Facial recognition firm Clearview AI has revealed that it has run almost a million searches for US police.

Facial recognition technology is a controversial topic, and for good reason. Clearview AI’s technology allows law enforcement to upload a photo of a suspect’s face and find matches in a database of billions of images it has collected.

Clearview AI CEO Hoan Ton-That disclosed in an interview with the BBC that the firm has scraped 30 billion images from platforms such as Facebook. The images were taken without the users’ permission.

The company has been repeatedly fined millions in Europe and Australia for breaches of privacy, but US police are still using its powerful software.

Matthew Guaragilia from the Electronic Frontier Foundation said that police use of Clearview puts everyone into a “perpetual police line-up.”

While the use of facial recognition by the police is often sold to the public as being used only for serious or violent crimes, Miami Police confirmed to the BBC that it uses Clearview AI’s software for every type of crime.

Miami’s Assistant Chief of Police Armando Aguilar said his team used Clearview AI’s system about 450 times a year, and that it had helped to solve several murders. 

However, there are numerous documented cases of mistaken identity using facial recognition by the police. Robert Williams, for example, was wrongfully arrested on his lawn in front of his family and held overnight in a “crowded and filthy” cell.

“The perils of face recognition technology are not hypothetical — study after study and real-life have already shown us its dangers,” explained Kate Ruane, Senior Legislative Counsel for the ACLU, following the reintroduction of the Facial Recognition and Biometric Technology Moratorium Act.

“The technology’s alarming rate of inaccuracy when used against people of colour has led to the wrongful arrests of multiple black men including Robert Williams, an ACLU client.”

The lack of transparency around police use of facial recognition means the true figure of wrongful arrests it’s led to is likely far higher.

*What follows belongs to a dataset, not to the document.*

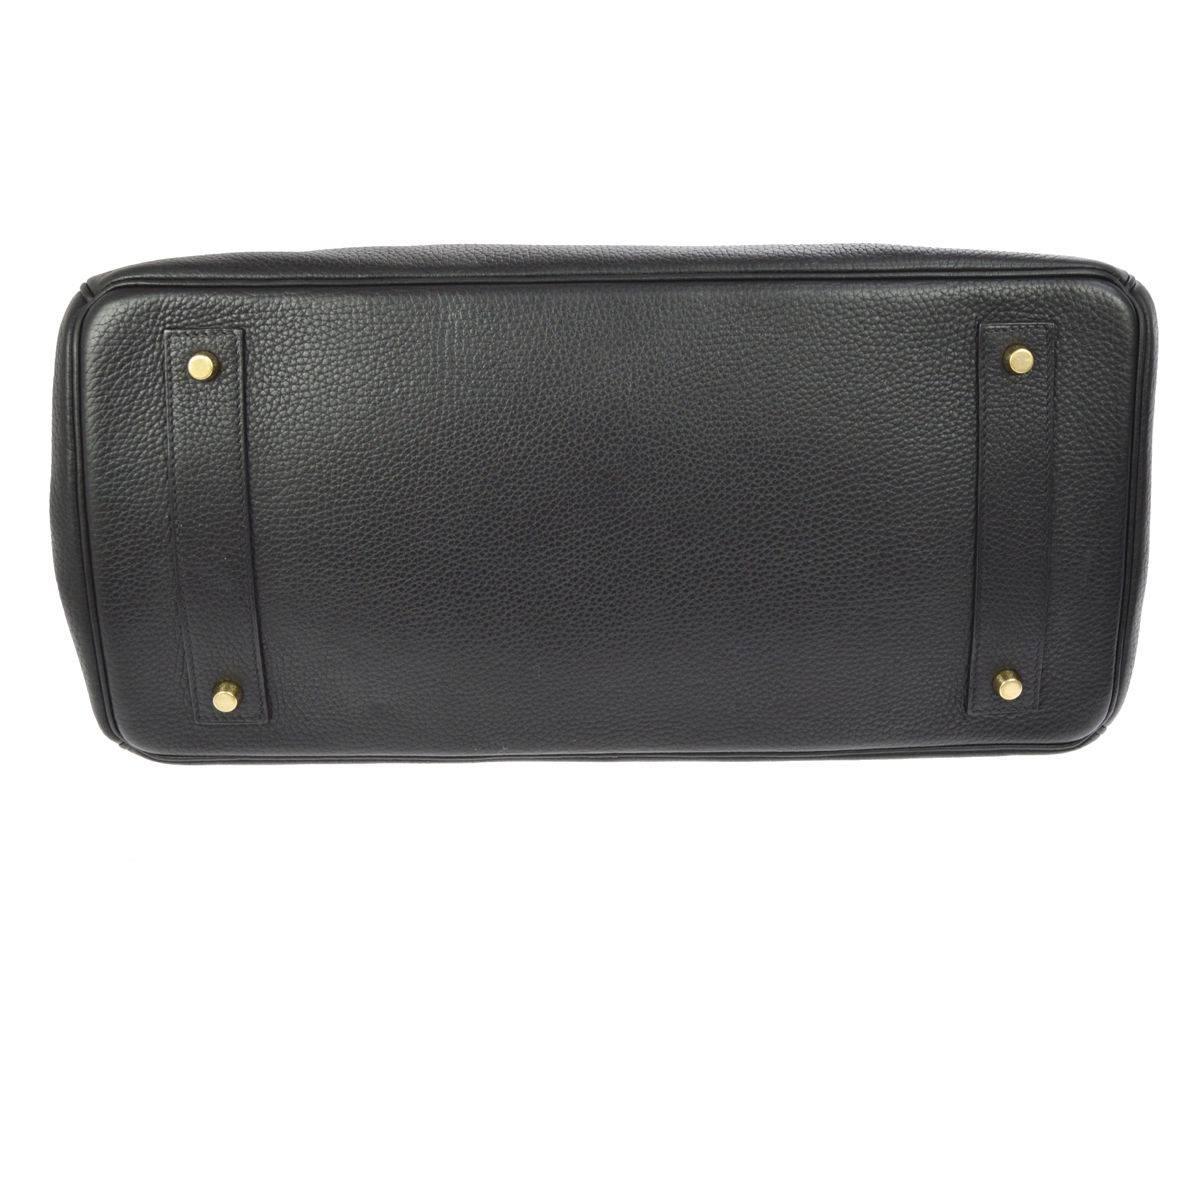 Hermes JPG Birkin Black Leather Gold Hardware Top Handle Satchel Bag 2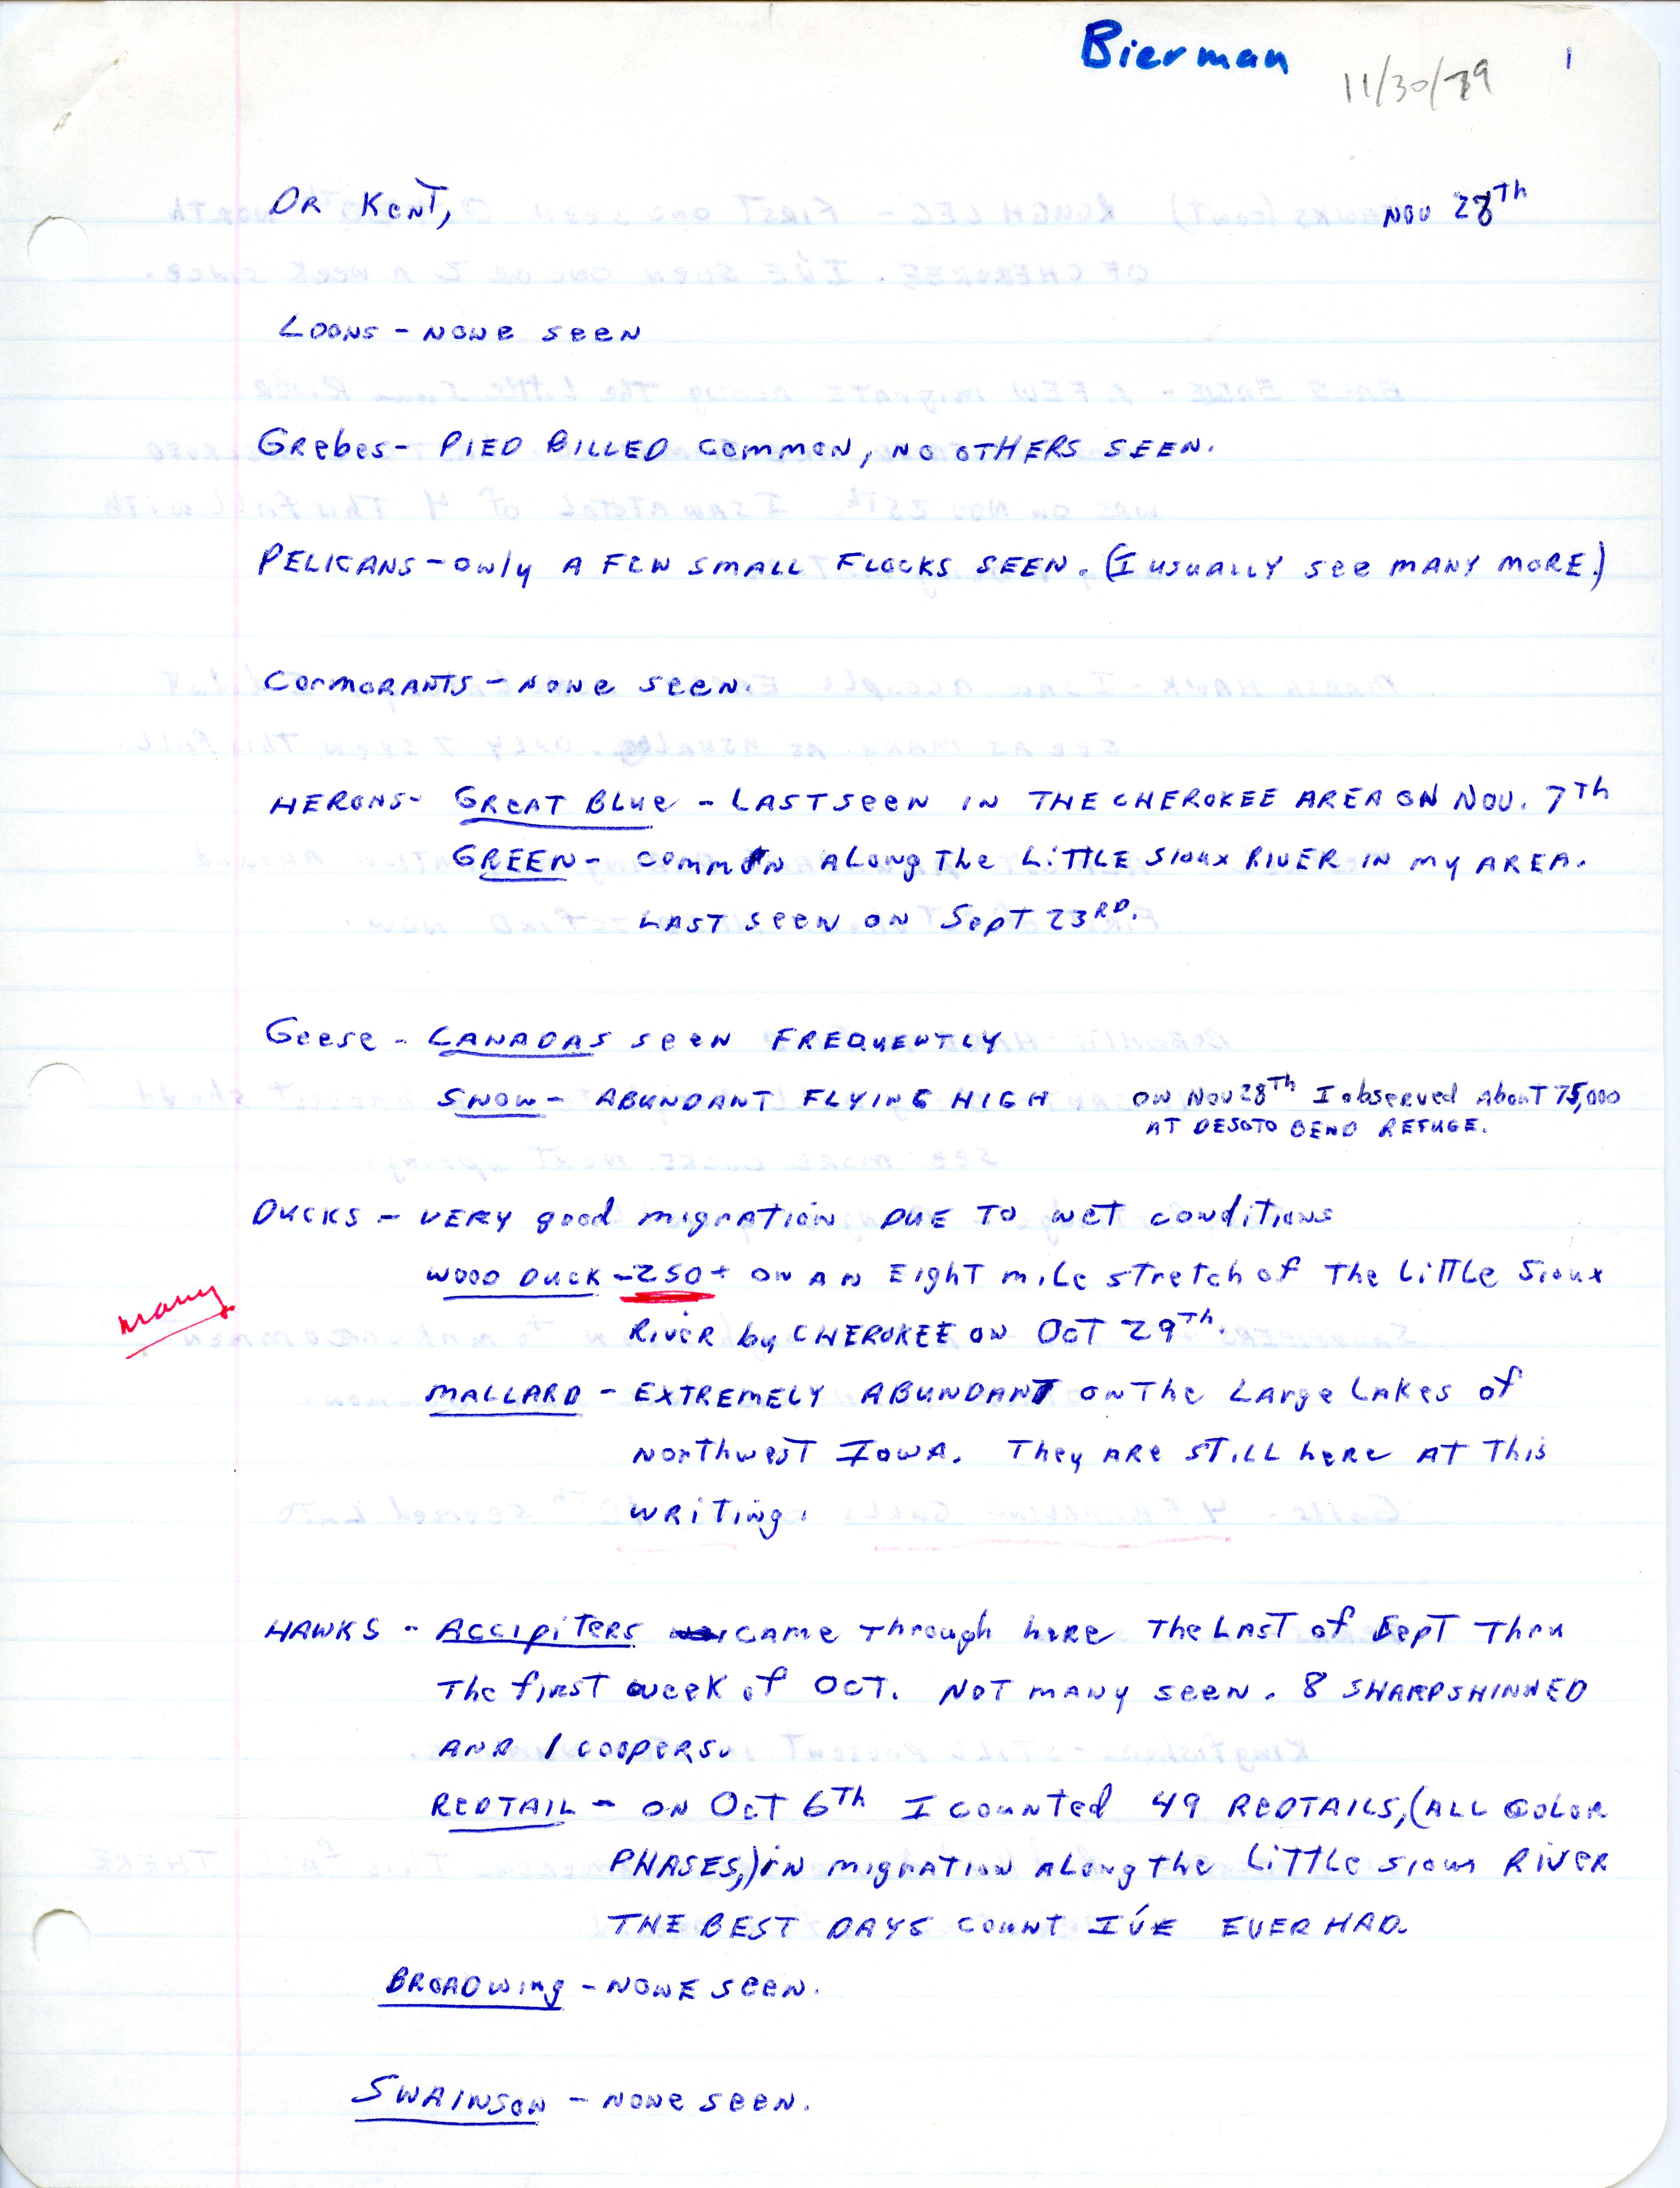 Dick Bierman letter to Thomas H. Kent regarding bird sightings, November 28, 1979

Civil rights campaigners want police forces that use Clearview AI to openly say when it is used, and for its accuracy to be openly tested in court. They want the systems to be scrutinised by independent experts.

The use of facial recognition technology by police is a contentious issue. While it may help solve crimes, it also poses a threat to civil liberties and privacy.

Ultimately, it’s a fine line between using technology to fight crime and infringing on individual rights, and we need to tread carefully to ensure we don’t cross it.

Related: Clearview AI lawyer: ‘Common law has never recognised a right to privacy for your face’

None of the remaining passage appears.